St. Kate’s church bells are announcing that it’s half past the hour, the kids down the block are still shrieking out names during their Red Rover game, the same dog is barking two streets over, and much, much closer . . . someone is listening to the radio during their visit to a grave and, hopefully, not dancing on it. The Everly Brothers are wailing “Wake Up, Little Susie.” That song was one of Daddy’s all-time favorites. He’d sing to barmaid Suzie LaPelt—“Oo . . . la-la”—every single time it came on the jukebox at Lonnigan’s. That’s why I put her on my people to QUESTION OR SURVEIL list. Not because I think Suzie’s guilty of something or should be shadowed. I really and truly miss spending time with the gal that almost all of the other gals in the neighborhood call “That French Slut,” none louder or more often than our own mother.
“Wake up, little Susie . . .”
This is very bad timing for the missing sadness to spring back up. Hearing that tune and remembering how Daddy would get that cute twinkle in his eye when he’d sing it to Suzie . . . my heart just can’t take it.
I stuff the St. Christopher medal in my shorts pocket, brush off the tears, and clear the ache out of my throat so I can tell my sister, I need to go see Charlie, but she cuts me off at the pass when she says, “Someone’s comin’ out of Phantom Woods.”
And that’s when all the other sounds fade away and I hear what she’s been hearing.

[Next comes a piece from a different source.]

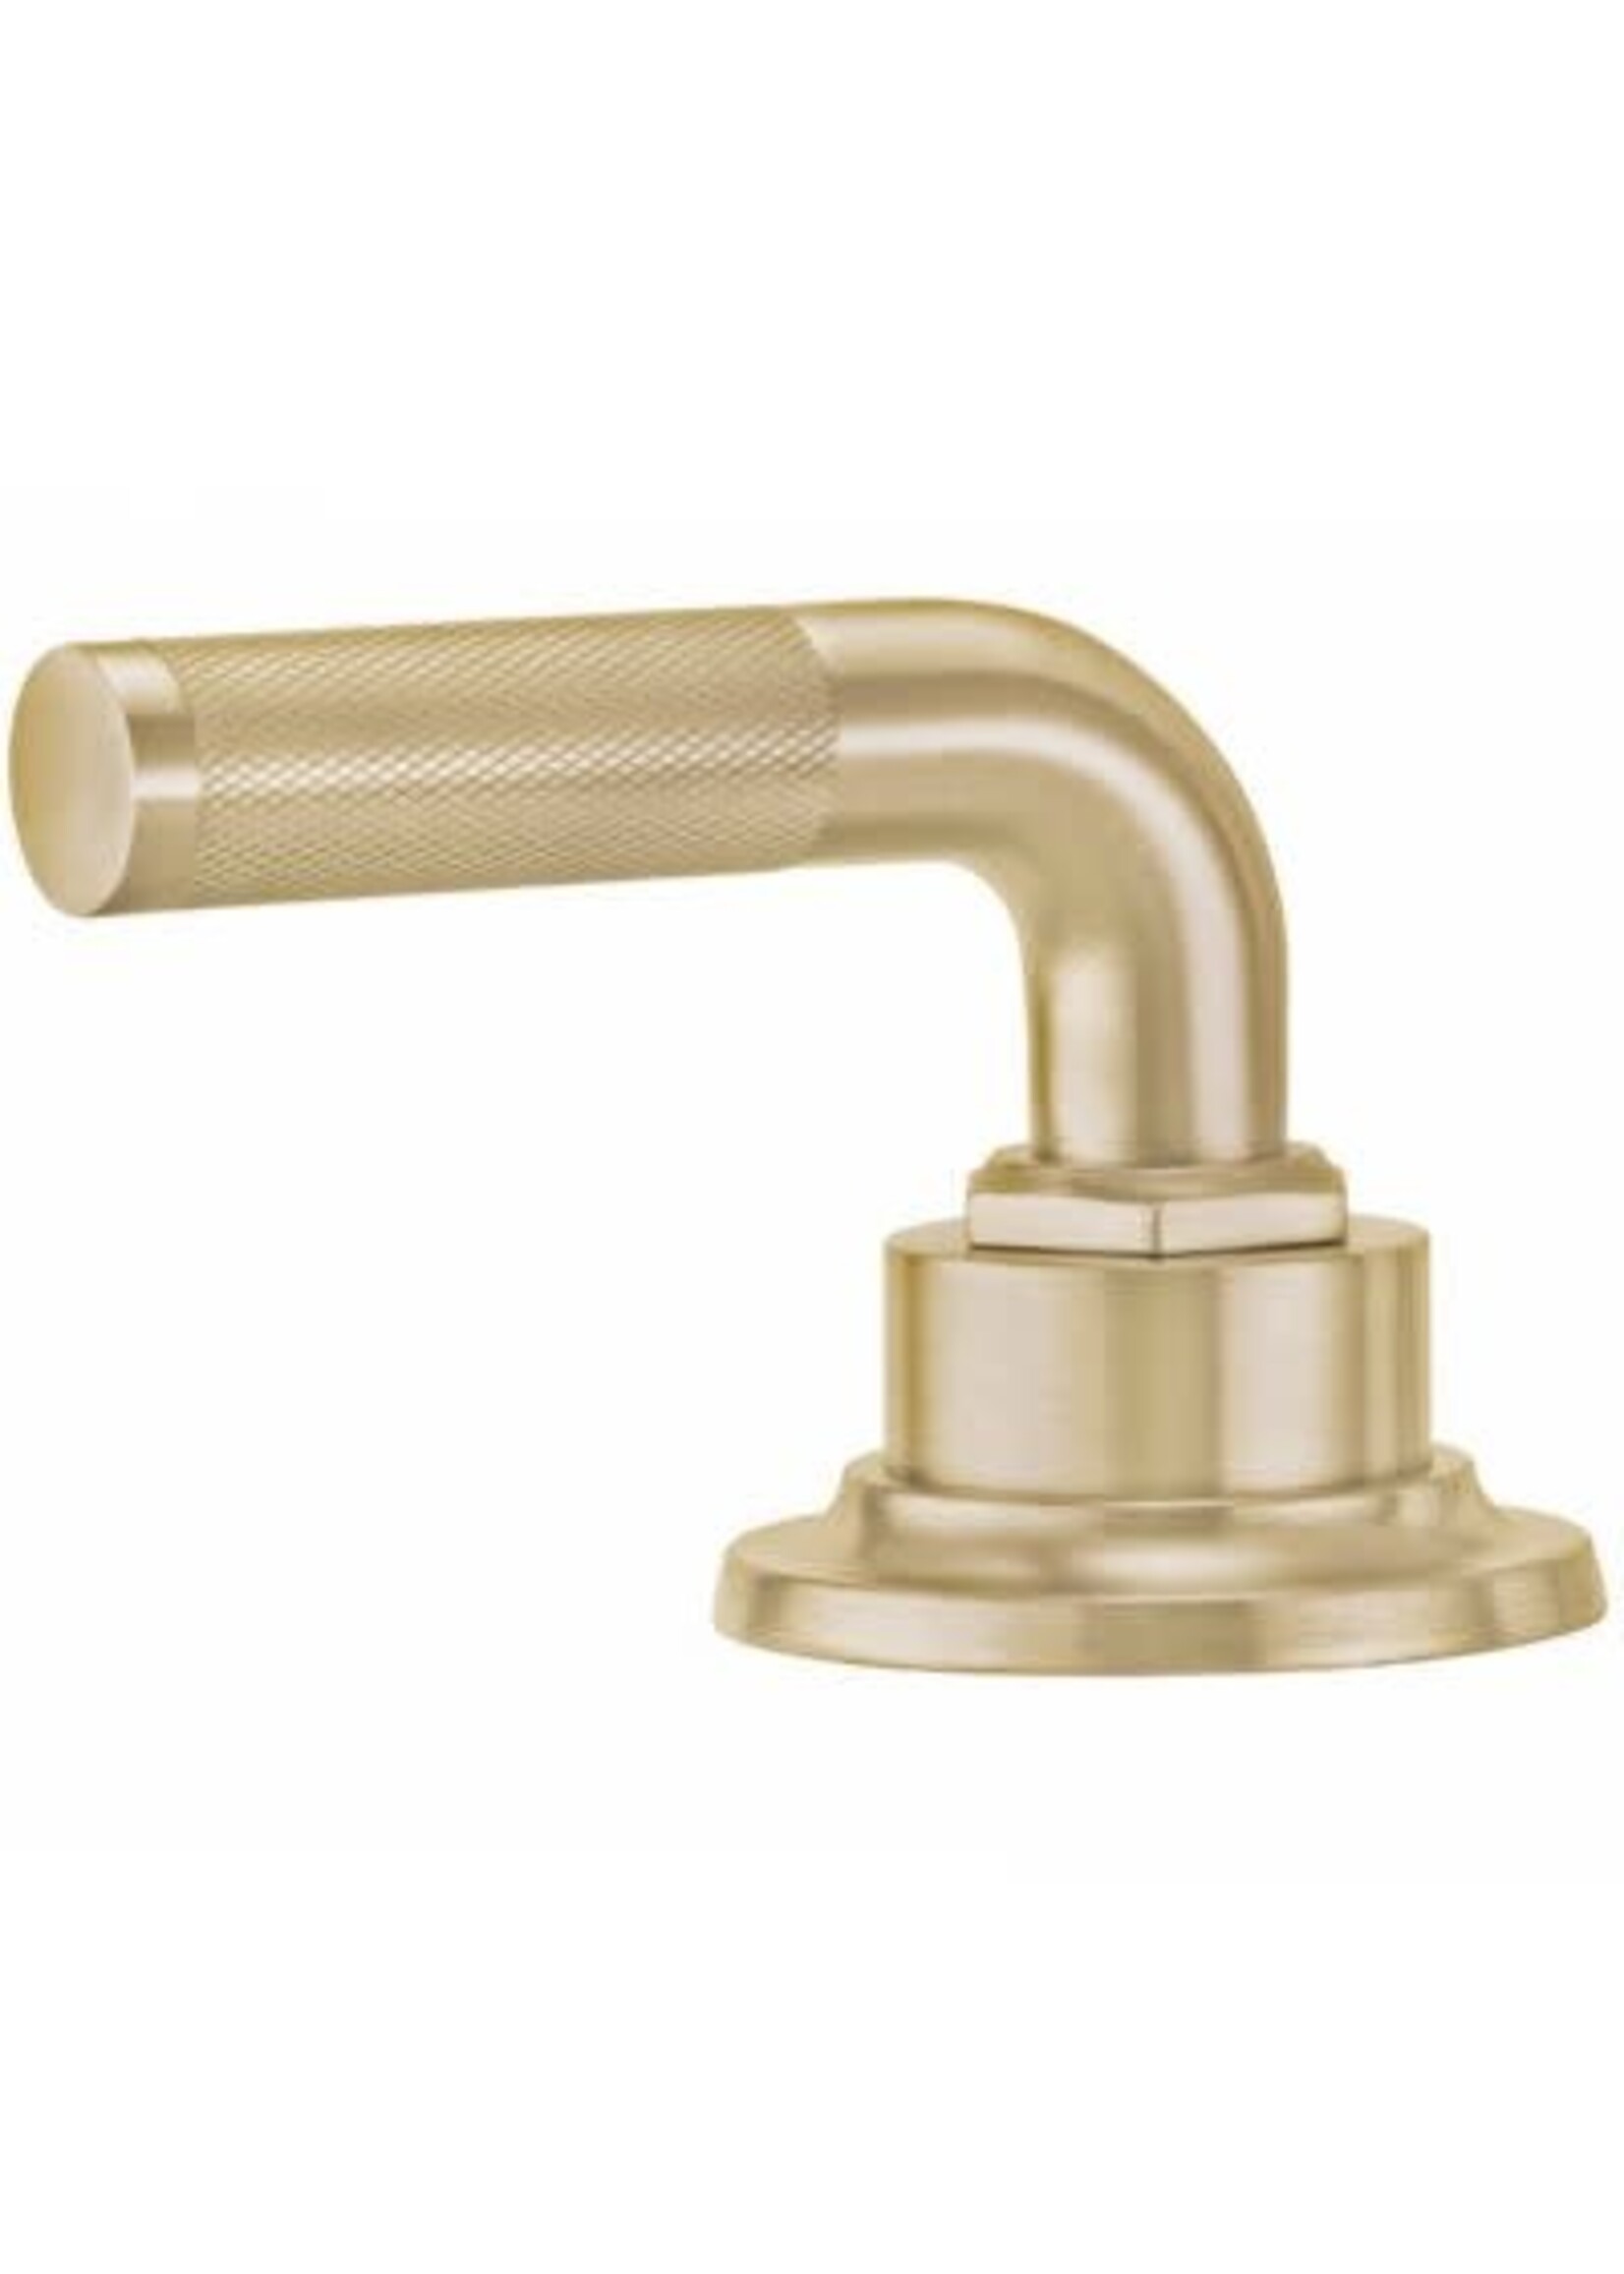 California Faucets California Faucets Tamalpais 8" Widespread Lavatory Faucet Arc Spout

The rustle of fall leaves. Not made by squirrels scurrying around for nuts. It’s the crunch of human footsteps, getting louder by the second as closer . . . closer . . . and closer whoever it is comes stomping toward the Finley sisters, who are standing behind the mausoleum like sitting ducks.

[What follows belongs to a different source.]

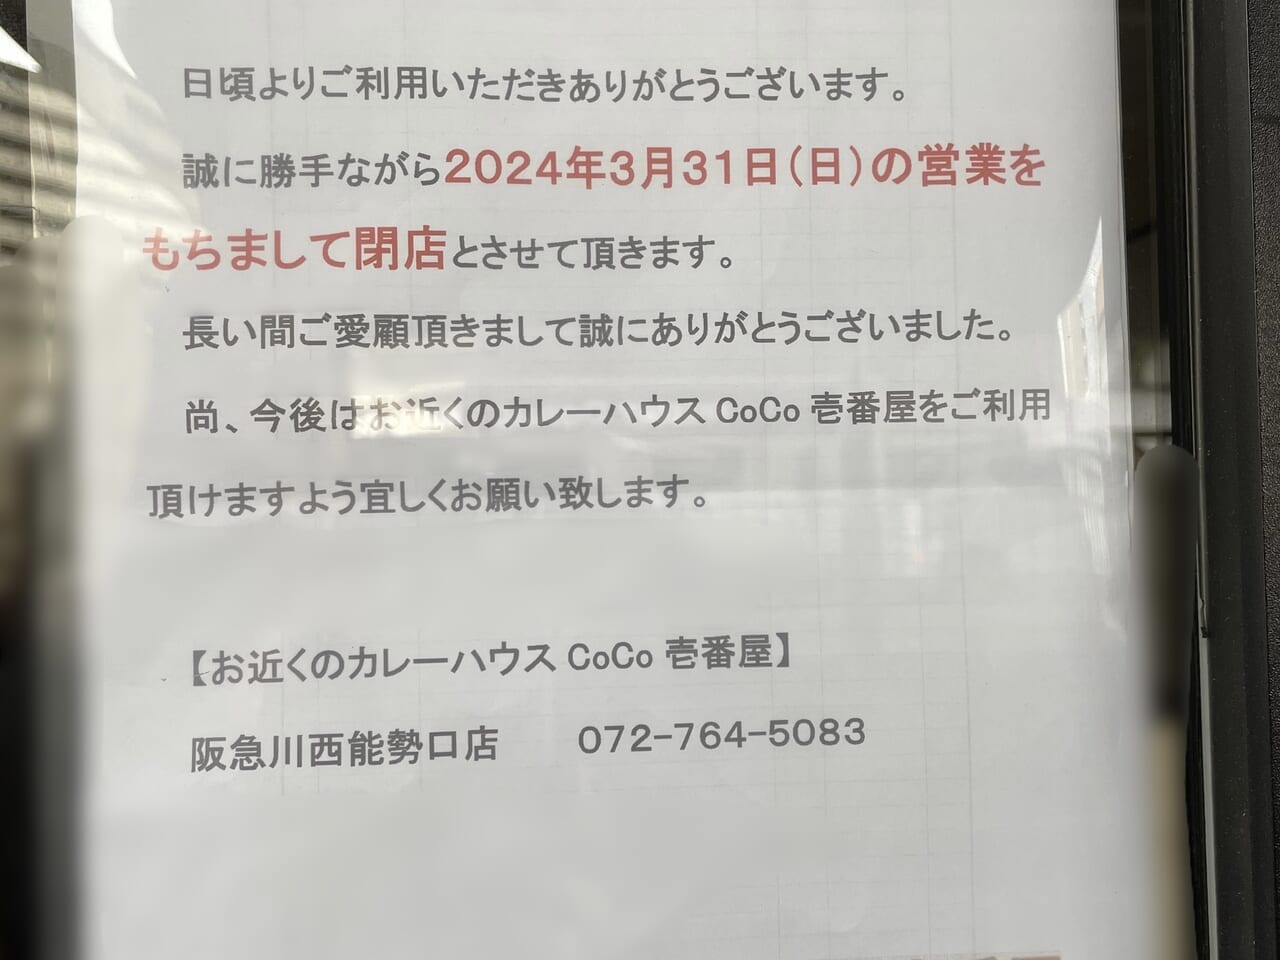 「カレーハウスCoCo壱番屋 阪急池田駅前店」閉店

Is it the kidnapping murderer?
Instead of hiding behind the mausoleum the way I thought he might be, could he have been watching and waiting this whole time behind one of those twisted tree trunks in Phantom Woods until the time was right?
I have to let my sister know that we could be in mortal danger, but when I open my mouth to scream, nothing comes out. Something’s gone wrong with my breathing, too much out and not enough in and my eyesight isn’t working too good, either. The cemetery is going fuzzy around the edges and my knees have gone wobbly, and before I can steady myself, I land in a heap on top of the leaf pile my sister was digging through. The leaf pile that could still contain a corpse casserole that very soon Birdie and me could become ingredients in.
FACT: Time can fly faster than Dracula, but it can also stagger like Frankenstein.
PROOF: It seems like I’m waiting for an eternity, paralyzed with fear on top of the leaves, before the owner of those footsteps appears on the edge of the woods.
My eyes are still blurry, but I can tell who it is. He’s a few inches taller than the graves he digs, with a face that reminds me of one of those salt maps we made in geography class, that’s how craggy it is from working so many years in the cemetery in all kinds of weather. His eyes are round and cow brown and his nose runs on the big side, too. If he was a kid, he’d get a nickname like “Elsie” or “Shnoz.” The rest of him looks like a capital T. Drinking straw skinny below the waist, but strong in the shoulders from shoveling and the one hundred push-ups he does every morning after he eats his “breakfast rations.” All in all, if you are looking at him from a distance, sideways, the way I am, I think our good friend Mr. James “Jimmy/Good Egg” McGinty is a fine-looking fellow with a good job and to the best of my knowledge, he is not, I repeat, not a murdering monster.
That’s how come I suggested to Louise that she should go on a date with him before she started canoodling with what’s-his-name. If Birdie and me had to have a new daddy, I thought our godfather would do nicely. But when I suggested to our mother that the two of them go on a picnic and even offered to make the sandwiches so she wouldn’t give him stomach poisoning, she said, “Jimmy McGinty? No, thanks. I already have enough on my plate.”